Please write out the entire listing below exactly, excluding its pictures.

Data block:
----
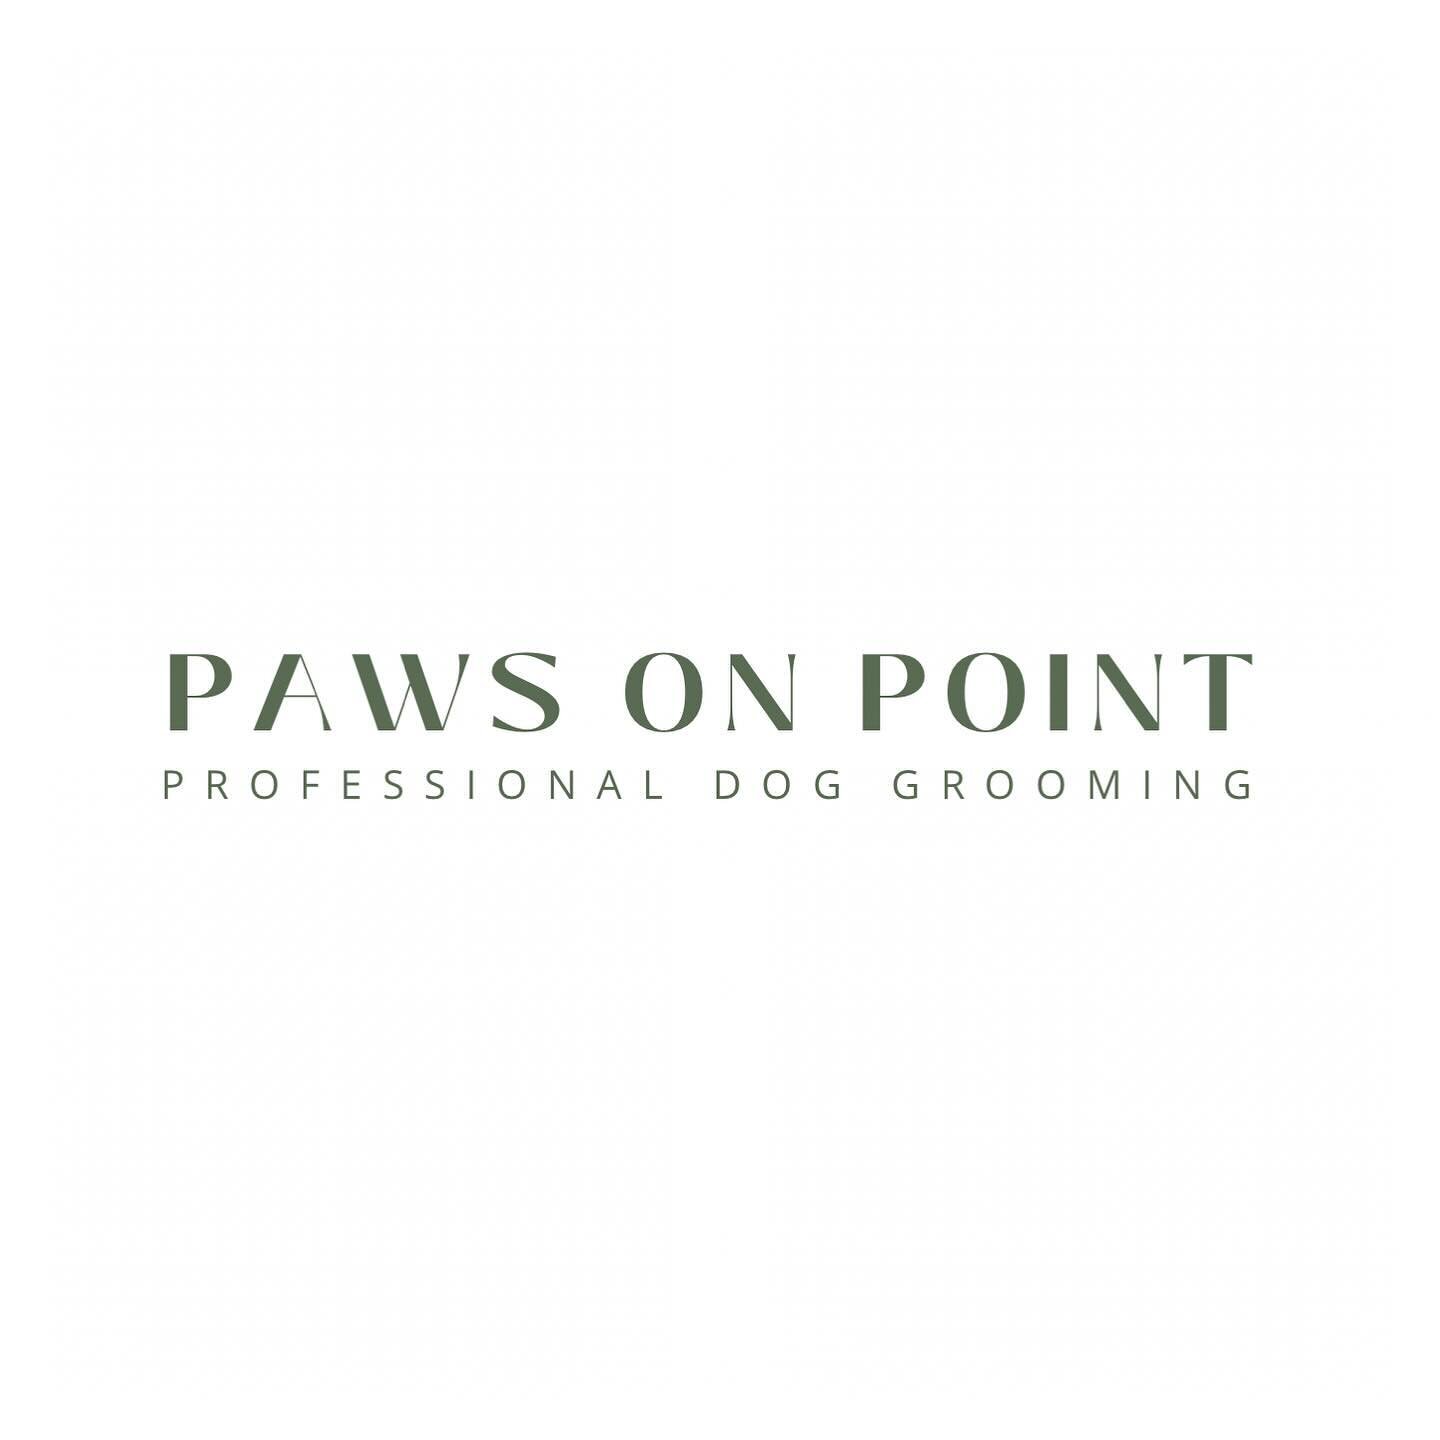 Introducing our rebrand and new location! ✨

Welcome to Paws on Point &ndash; Your premier North Shore destination for professional dog grooming.&nbsp;Located in Birkenhead, quietly tucked behind Parkhill Veterinary Hospital, our boutique salon is pr
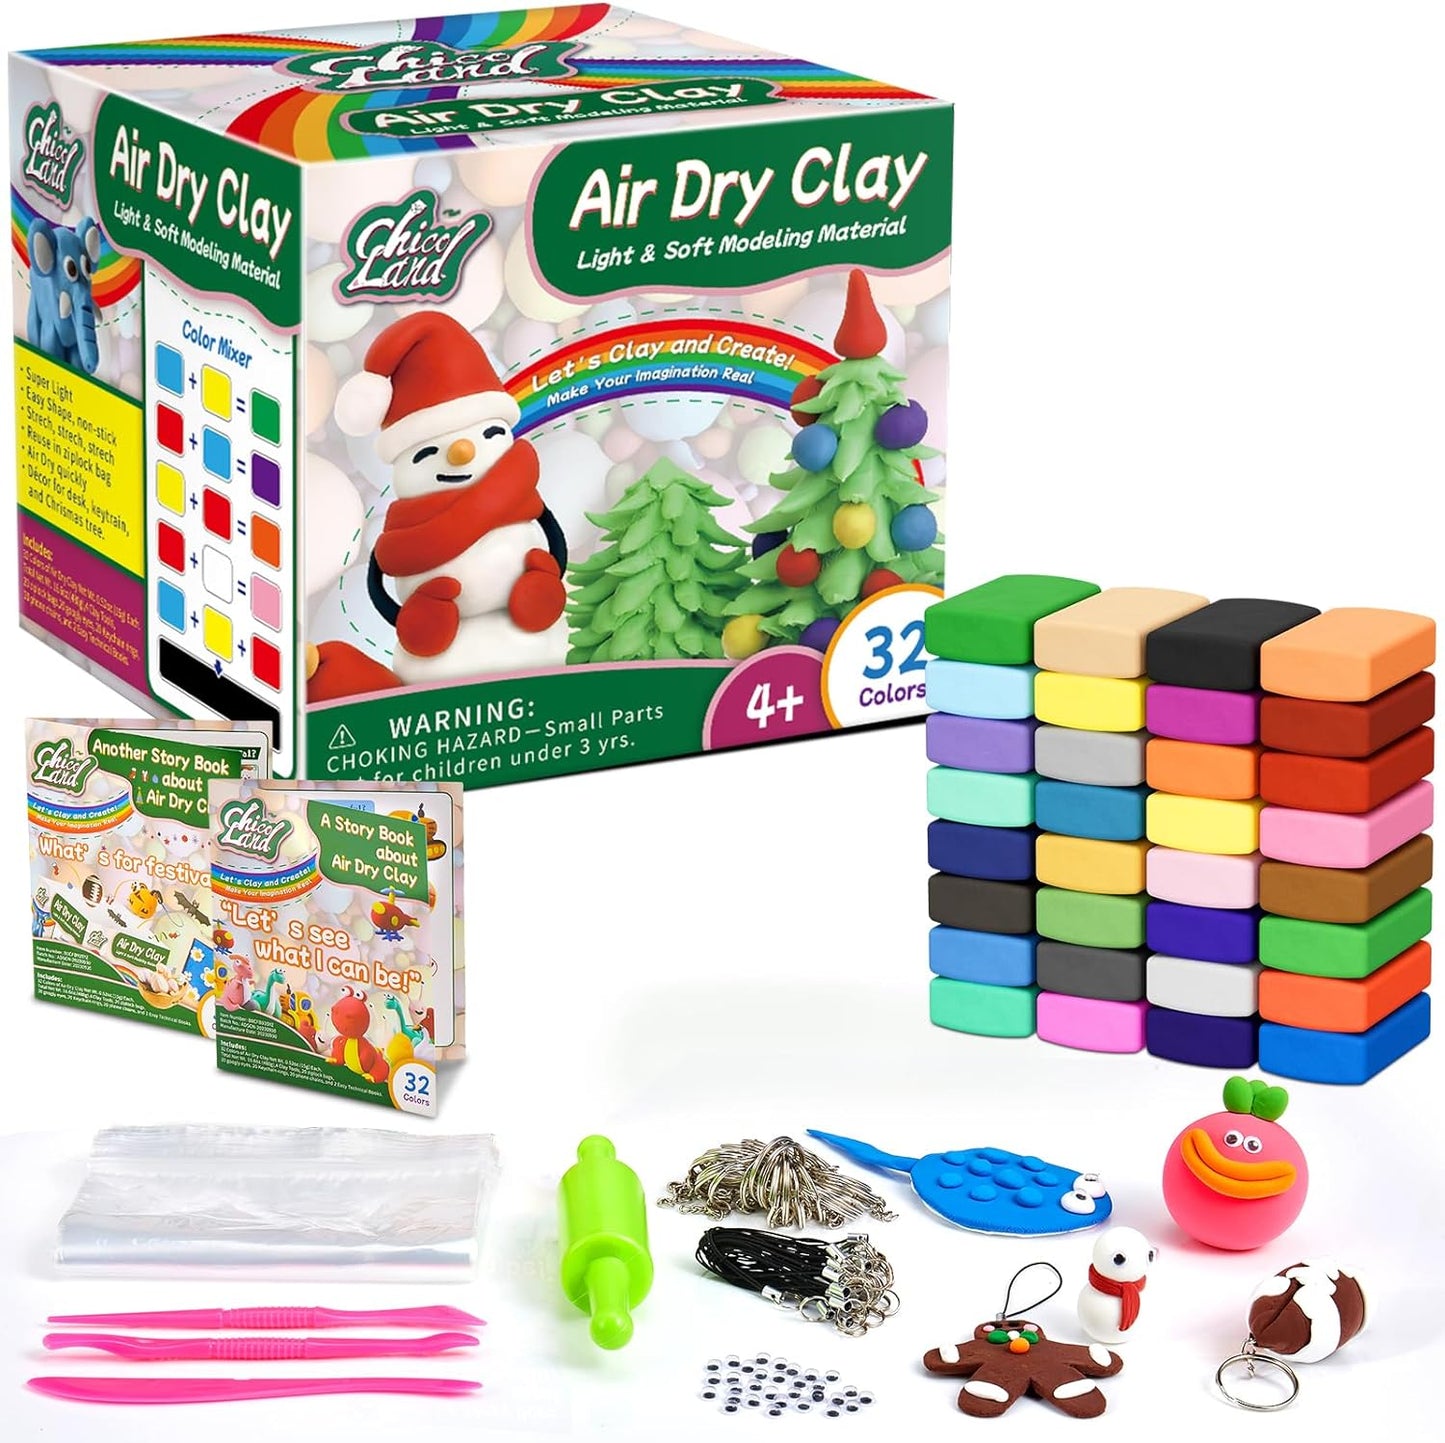 Chico Land Clay Kit - 32 Colors Air Dry Clay, Gift for Boys & Girls Age 4+ Year Old, DIY Model Modeling Clay kit for Kids, with Sculpting Tools, Decoration Accessories, Kids Art Crafts
----
Expected output:
 Introducing our rebrand and new location! ✨

Welcome to Paws on Point &ndash; Your premier North Shore destination for professional dog grooming.&nbsp;Located in Birkenhead, quietly tucked behind Parkhill Veterinary Hospital, our boutique salon is pr
 Chico Land Clay Kit - 32 Colors Air Dry Clay, Gift for Boys & Girls Age 4+ Year Old, DIY Model Modeling Clay kit for Kids, with Sculpting Tools, Decoration Accessories, Kids Art Crafts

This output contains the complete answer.